YOUR ASSIGNMENT: Would you reproduce, word for word, only the lines running from the top of the data through the line containing "SMITH AND WESSON", and none of the pictures?

-- INFORMATION SHOWN follows --

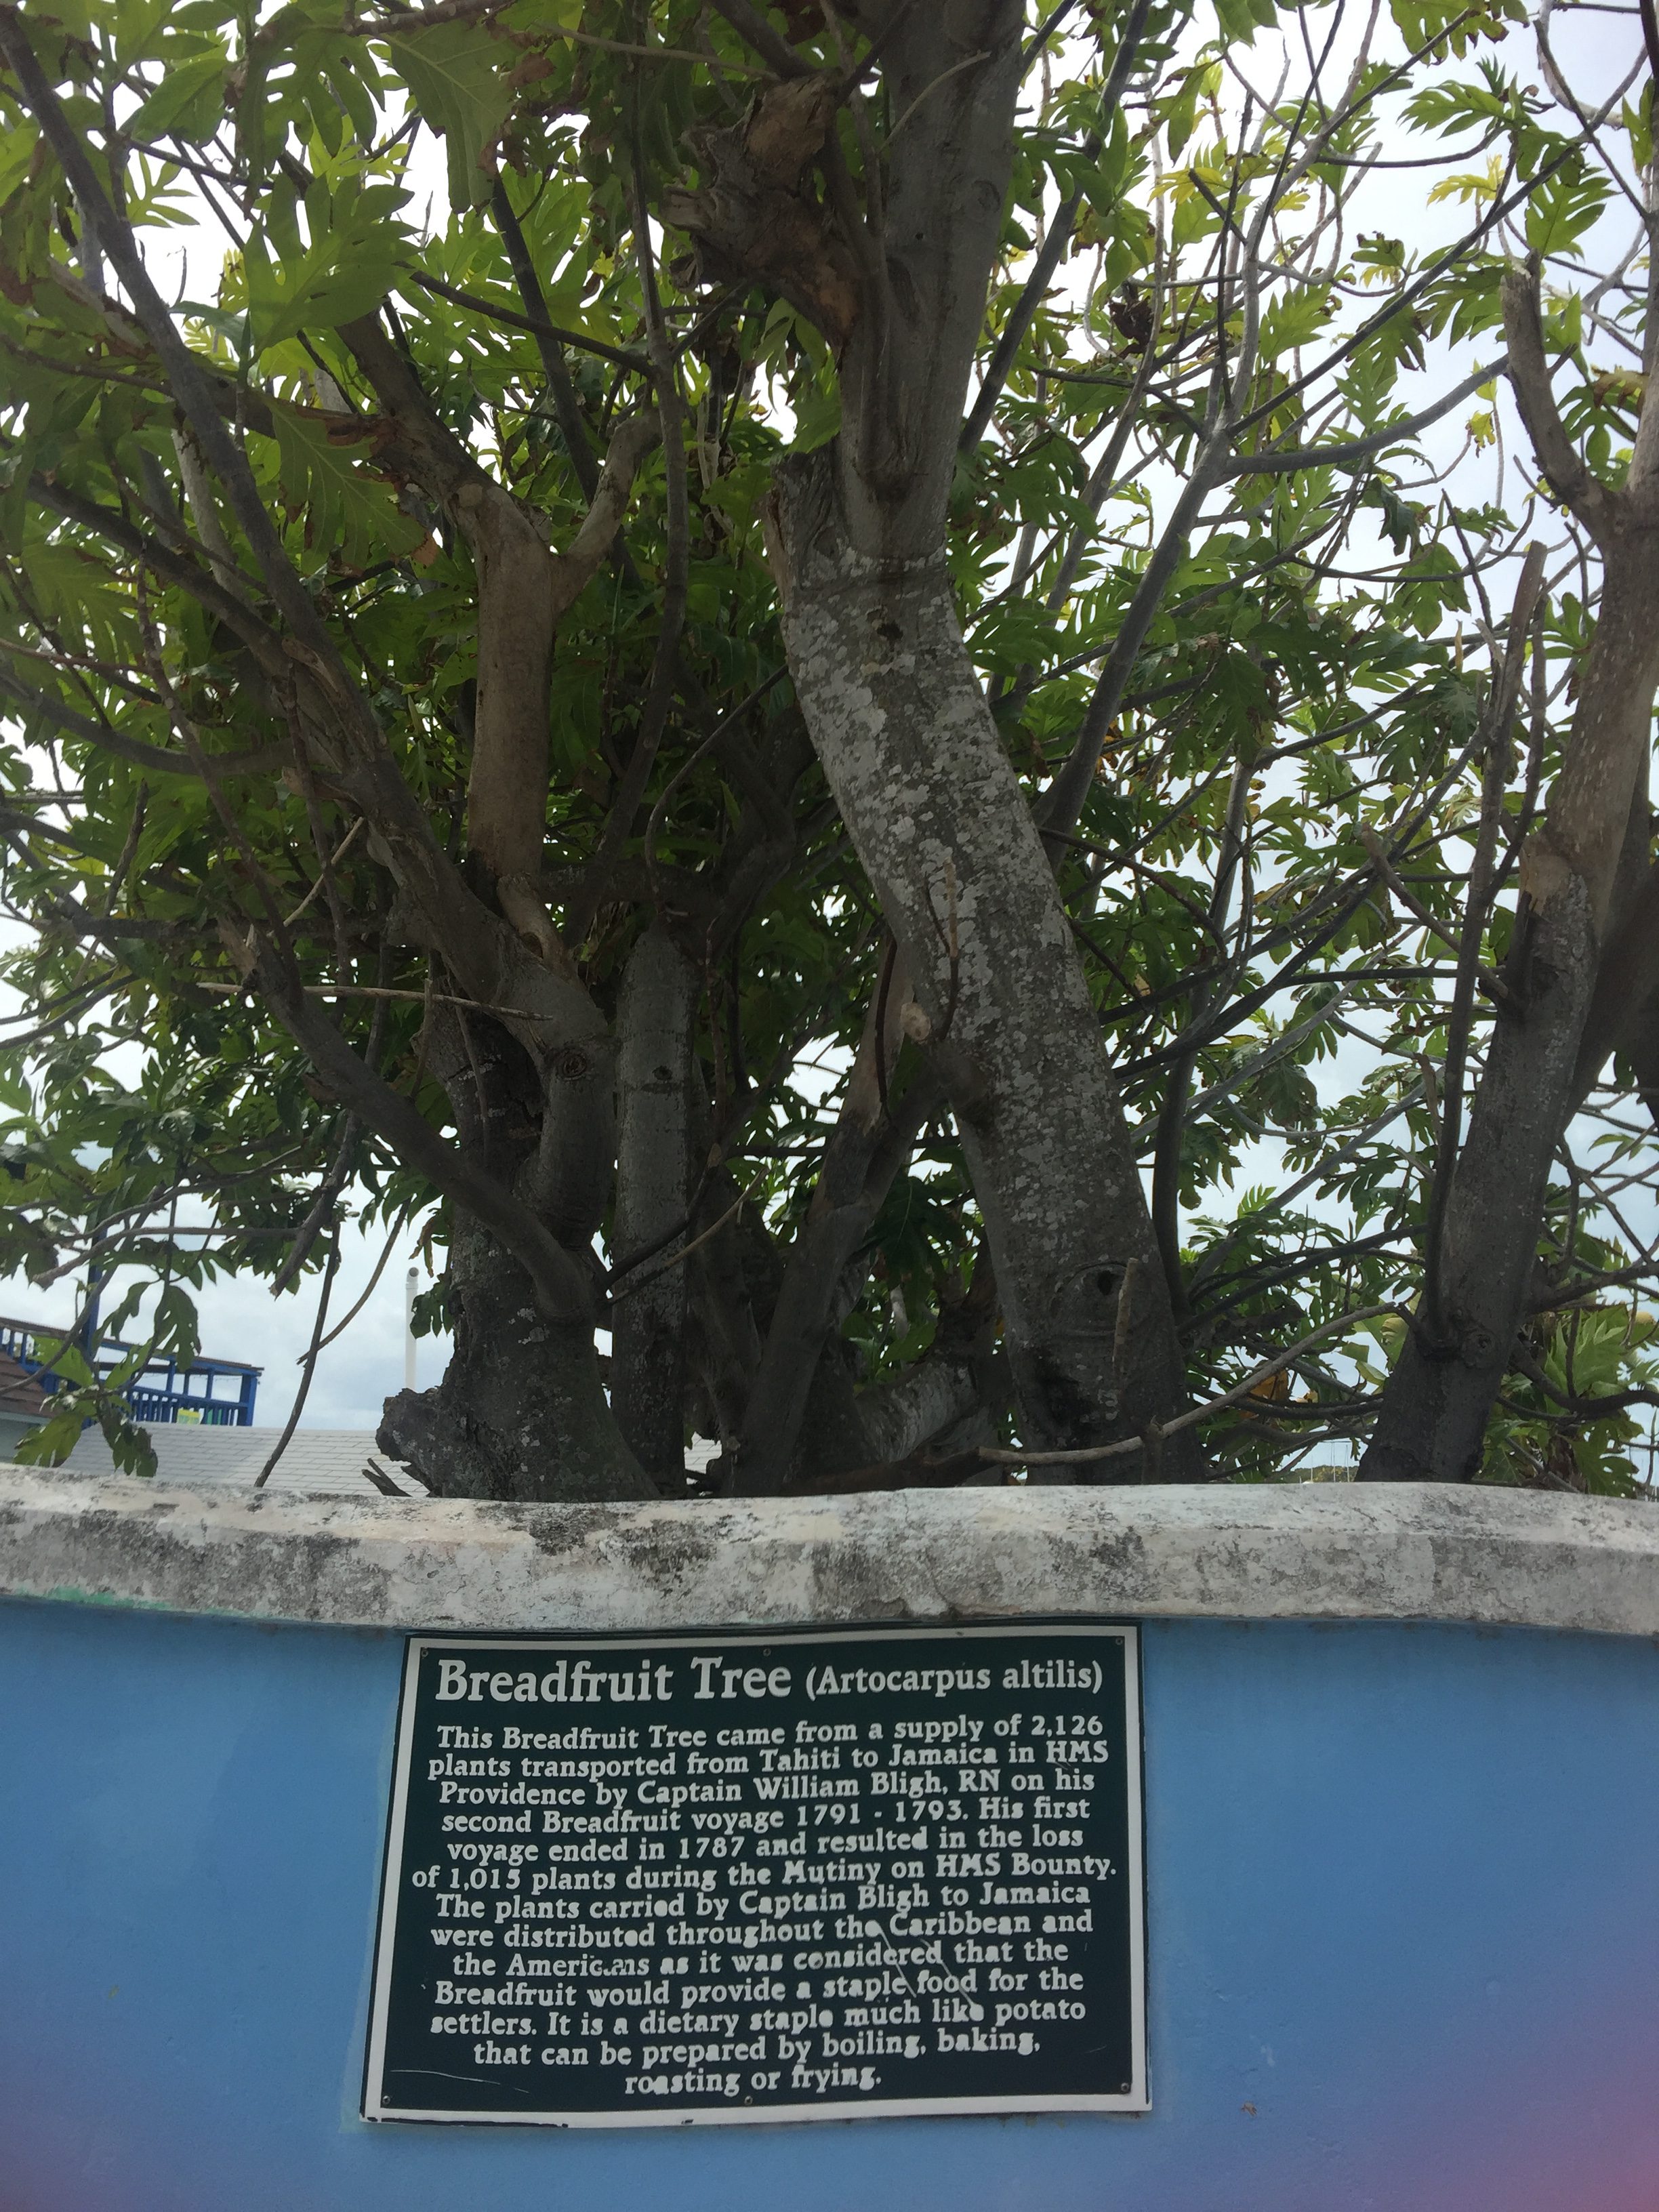 A breadfruit tree, a descendent of those bought to the Caribbean by Captain Bligh on his second voyage, his first ending in the mutiny on the HMS Bounty
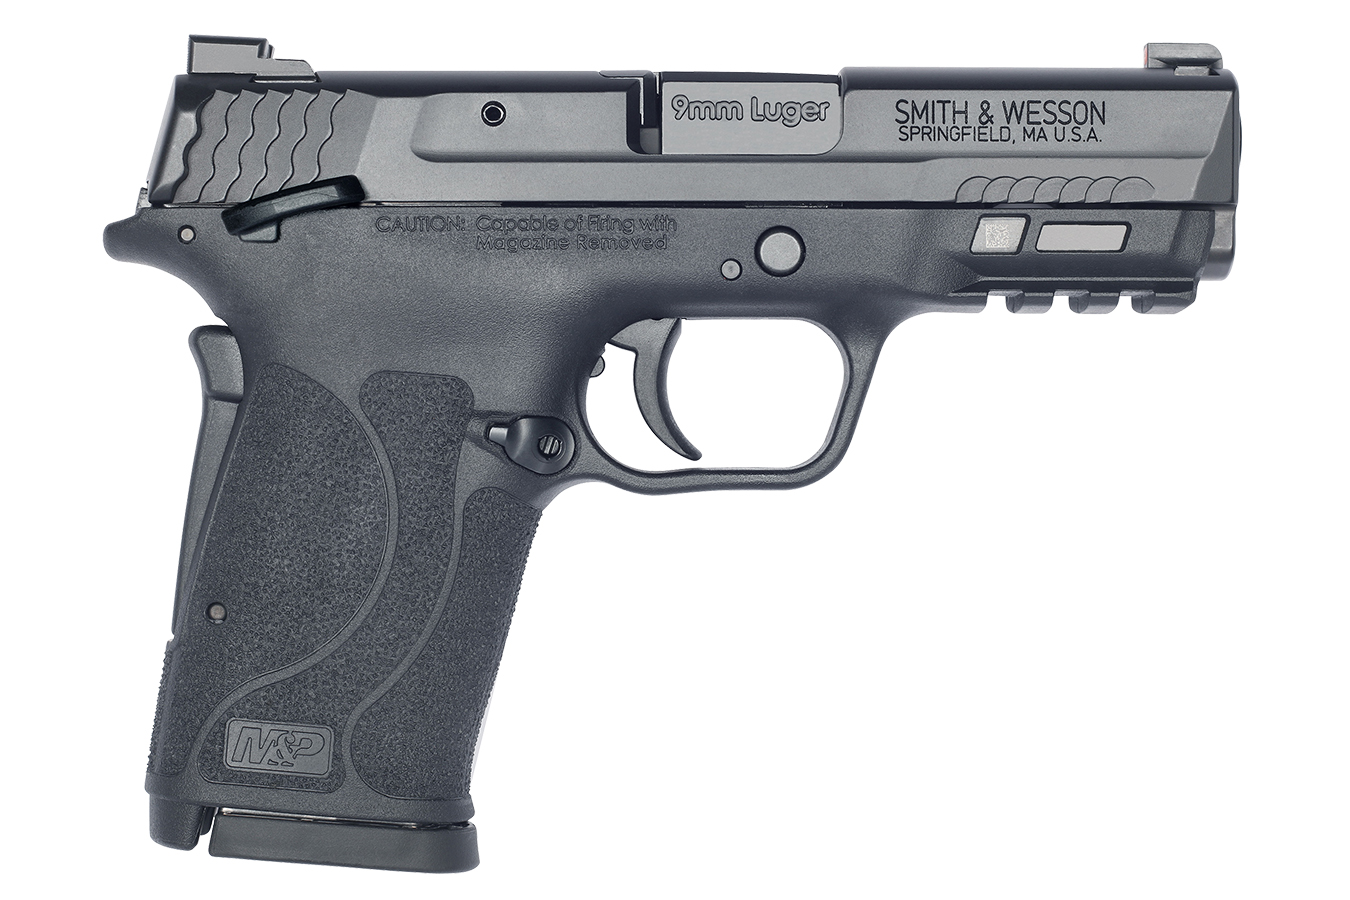 SMITH AND WESSON MP9 SHIELD EZ M2.0 9MM PISTOL WITH TRUGLO NIGHT SIGHTS
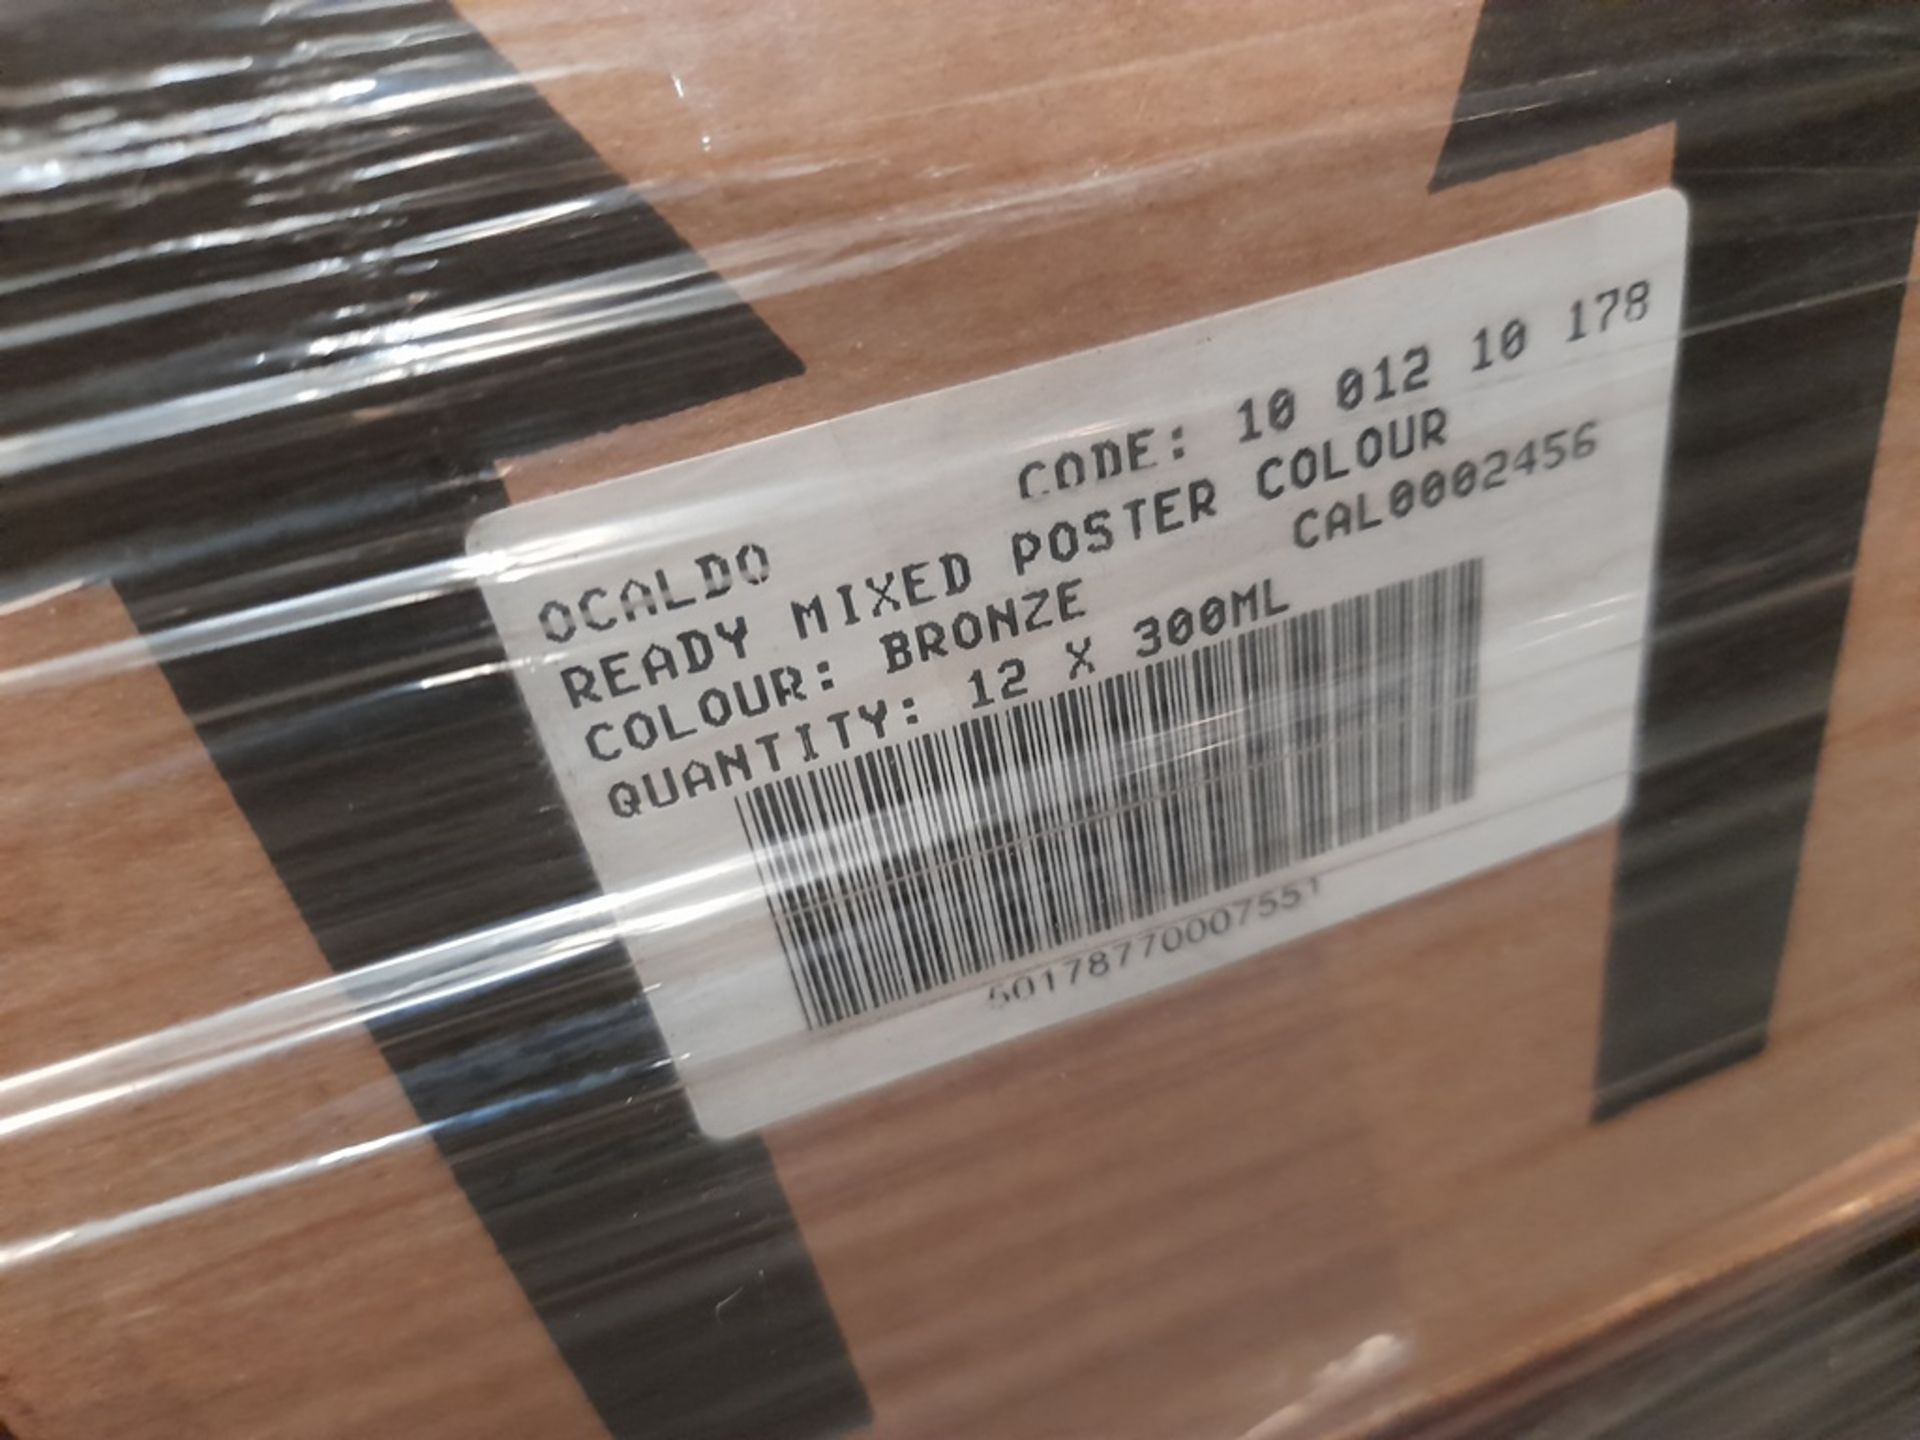 1 Pallet of Ocaldo mixed paint including glow in the dark paint, Ready Mix paint - bronze, lilac, - Image 5 of 7
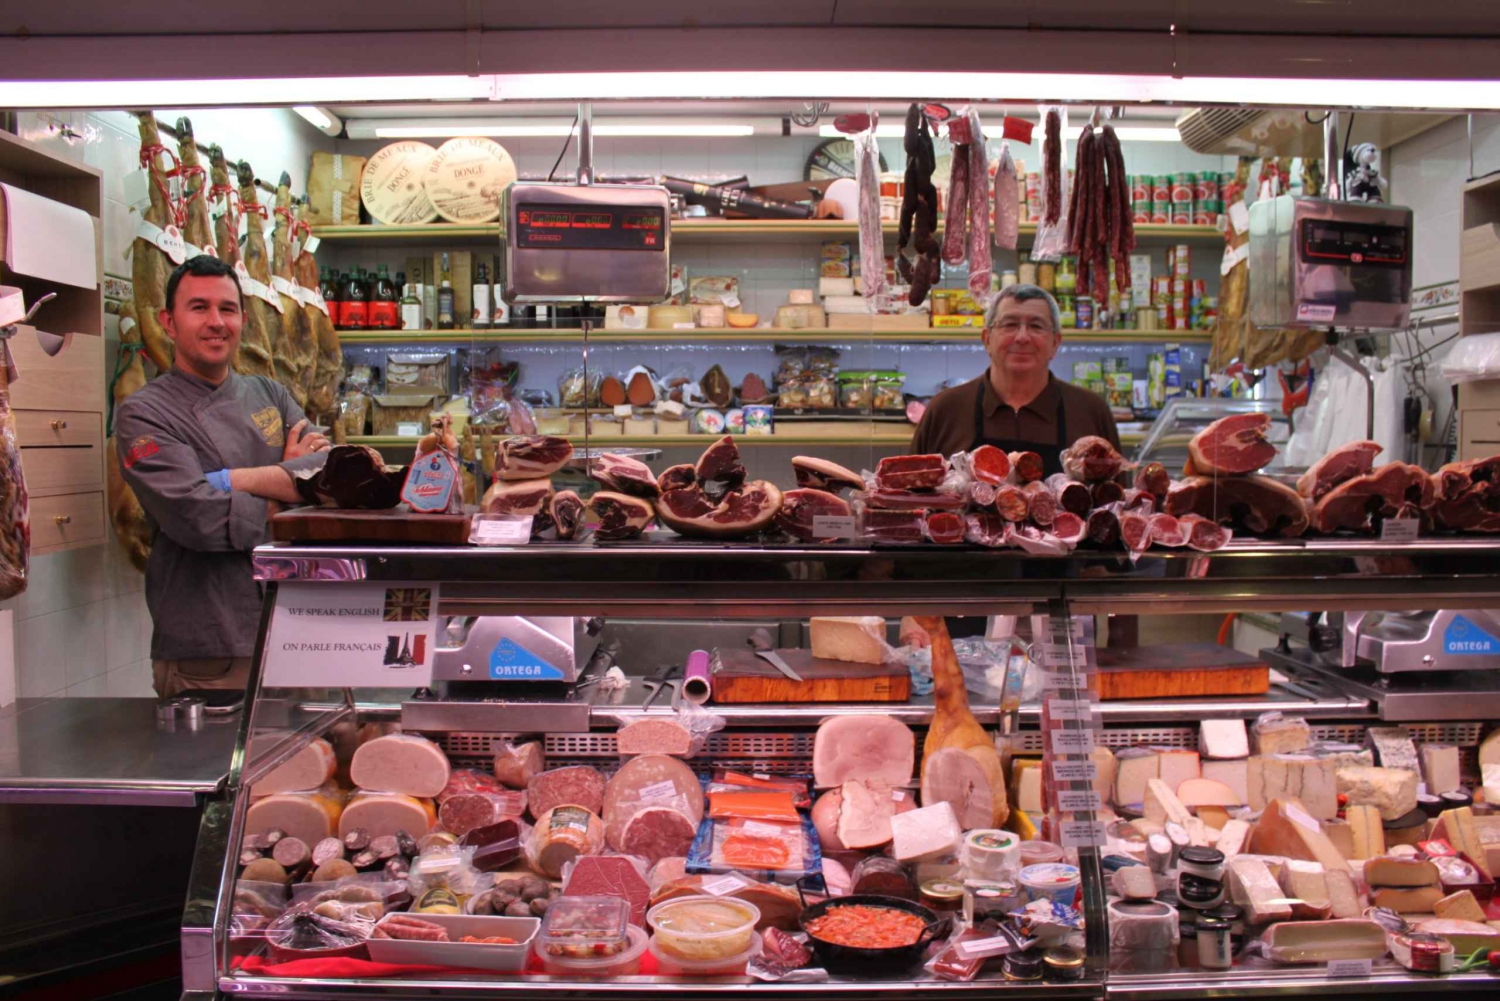 Alicante: Old Town and Market Gastronomic Tour with Tastings

-- INFORMATION SHOWN concluded --

OUTPUT FOR THIS EXERCISE:
 A breadfruit tree, a descendent of those bought to the Caribbean by Captain Bligh on his second voyage, his first ending in the mutiny on the HMS Bounty
 SMITH AND WESSON MP9 SHIELD EZ M2.0 9MM PISTOL WITH TRUGLO NIGHT SIGHTS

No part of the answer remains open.